The CFI tried to explain where the light switches were and told the student to activate the runway lights by pressing the push-to-talk switch five times. The student was apparently disorientated in the dark and didn’t notice how low he was—until he hit the ground.
The find-it-by-feel technique goes back to World War II, and I highly recommend it. If you are a renter pilot, it helps to do a quick review of the cockpit layout before you start the engine. Every cockpit is a little different, so before each flight, take a moment to see where everything is before you need it.
At my first flight school job the fleet included 17 Cessna 172s. I made notes on the backs of business cards for each aircraft, noting their quirks, such as if the airspeed indicator was marked in knots or mph, if the airplane was carburetor equipped or fuel injected, how many strokes of prime it usually required, position of the landing light on the exterior, if the seats were fully articulating, and how many turns of the crank I needed to see over the glareshield. I kept these cards in a pouch attached to the lanyard that held my airport ID.
With the invention of the smartphone, many learners make it a rule to take a photo of the new-to-them cockpit, then they blow up the image on their computer to study it. This is particularly useful to determine the location and function of each circuit breaker. They are there to help prevent fire. Of all the life-threatening experiences you can have in a training airplane, fire tops the list.

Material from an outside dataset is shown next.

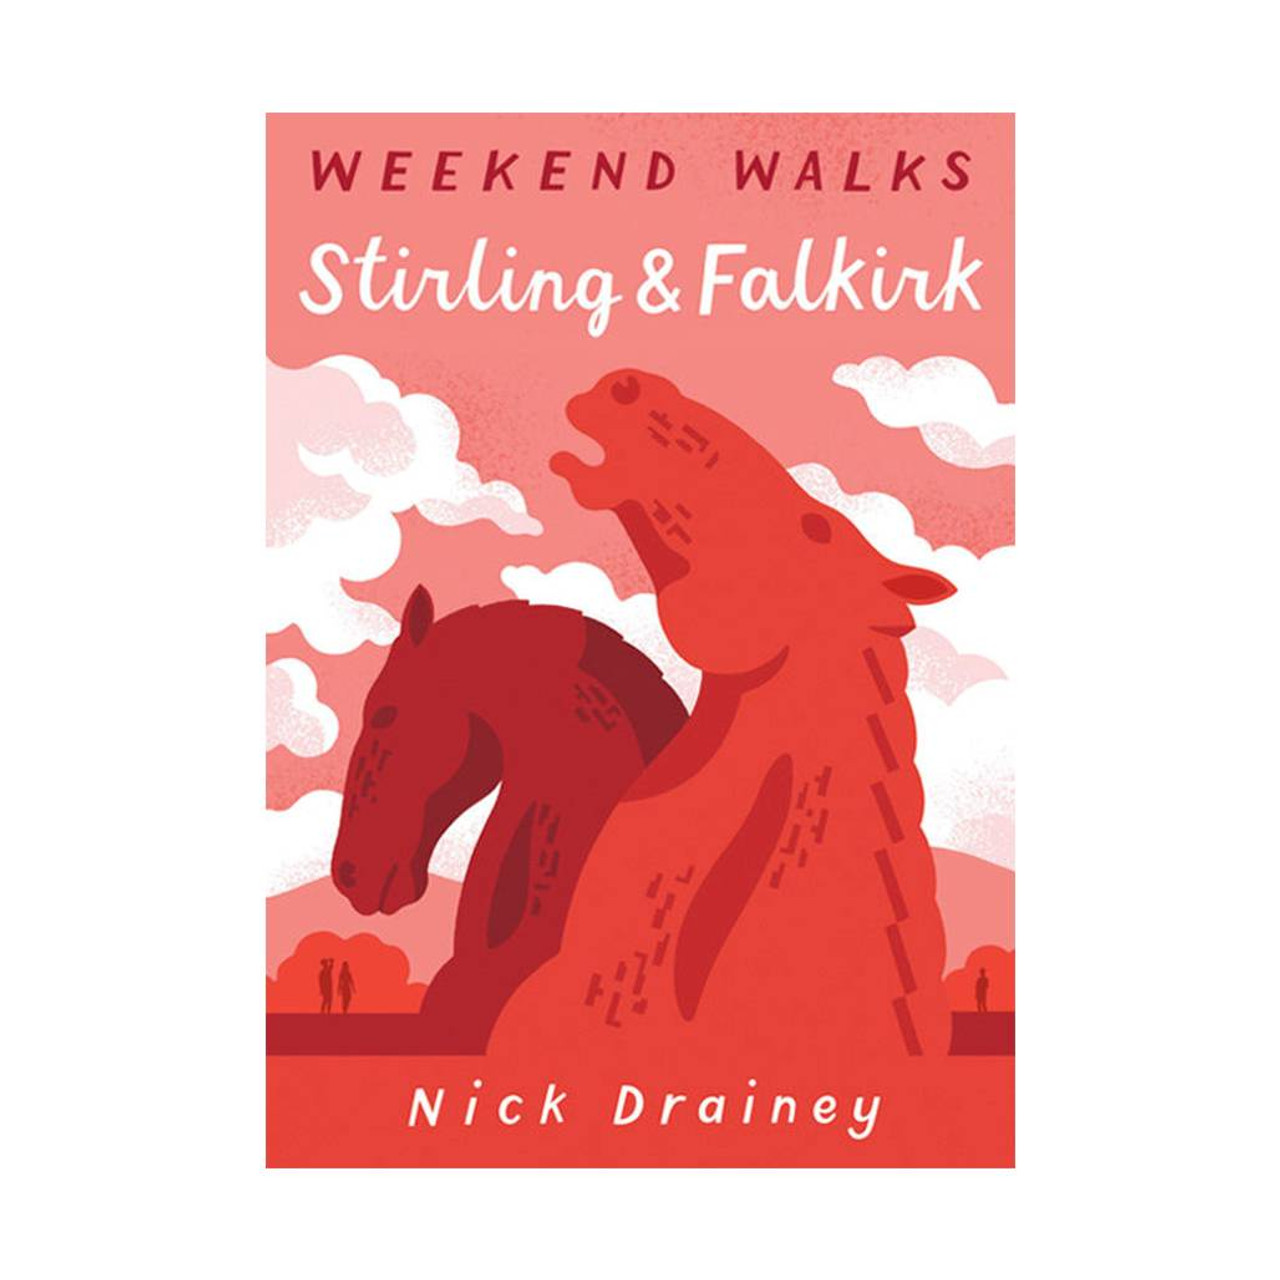 StirlingandFalkirk: Weekend Walks

The purpose of circuit breakers is to protect electrical instruments from damage caused by overloading circuits. When too much current is sent to an instrument, it causes heat, and the circuit breaker pops to prevent further damage. This cuts off the flow of electricity to the instrument. If the instrument continues to get too much current, it potentially causes a fire.
Pulling the circuit breaker can help prevent this. Read that line again, because before 2010 there were some POHs that suggested that when a circuit breaker pops, give it a few minutes to cool down, then push it back in—if it pops again, leave it out, and continue the flight without the instrument.

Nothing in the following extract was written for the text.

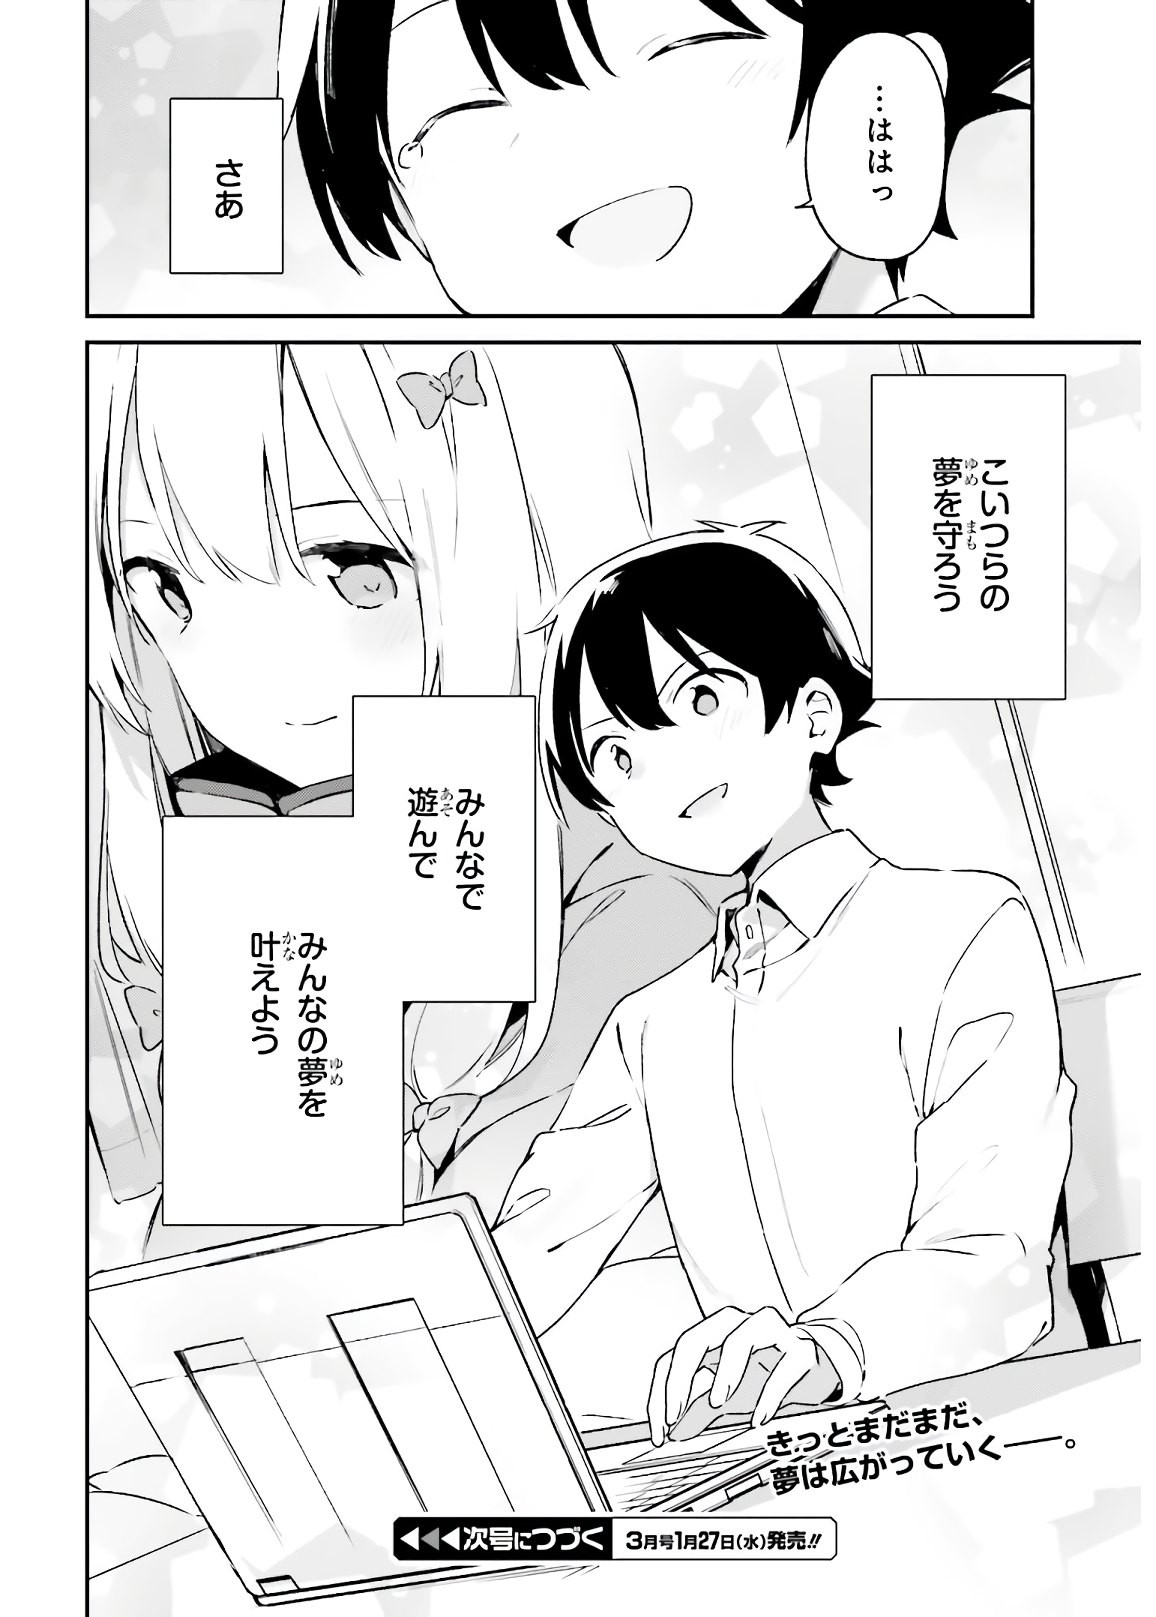 Ero Manga Sensei - Chapter 74 - Page 40

A Seattle-area flight school followed this practice until one day a CFI and a commercial pilot were in the pattern in VFR conditions when the GPS suddenly went black. They decided to continue the flight, but a moment later, when the cockpit began to fill with smoke, they returned for landing.
Moral of the story: If anything electrical acts up in the airplane, it’s a good idea to get it on the ground ASAP.
Trim and Autopilot Considerations
If the airplane has electric trim and or an autopilot, know where those are. If the trim and autopilot malfunction, also known as “running away,” it can result in a challenging situation, perhaps even one that causes a crash.
Runaway trim can result in an extreme nose-up or nose-down situation, and an autopilot that enters an uncommanded roll.
You have probably heard stories from someone who wasn’t exactly sure how the autopilot worked, and when activated, found themselves in an unusual attitude because of a malfunction. To avoid this, get training on the autopilot from a qualified instructor, and the first time you attempt to use it, be at an altitude that will allow for recovery if something goes wrong.
Don’t be afraid to pull the circuit breaker to stop the runway event.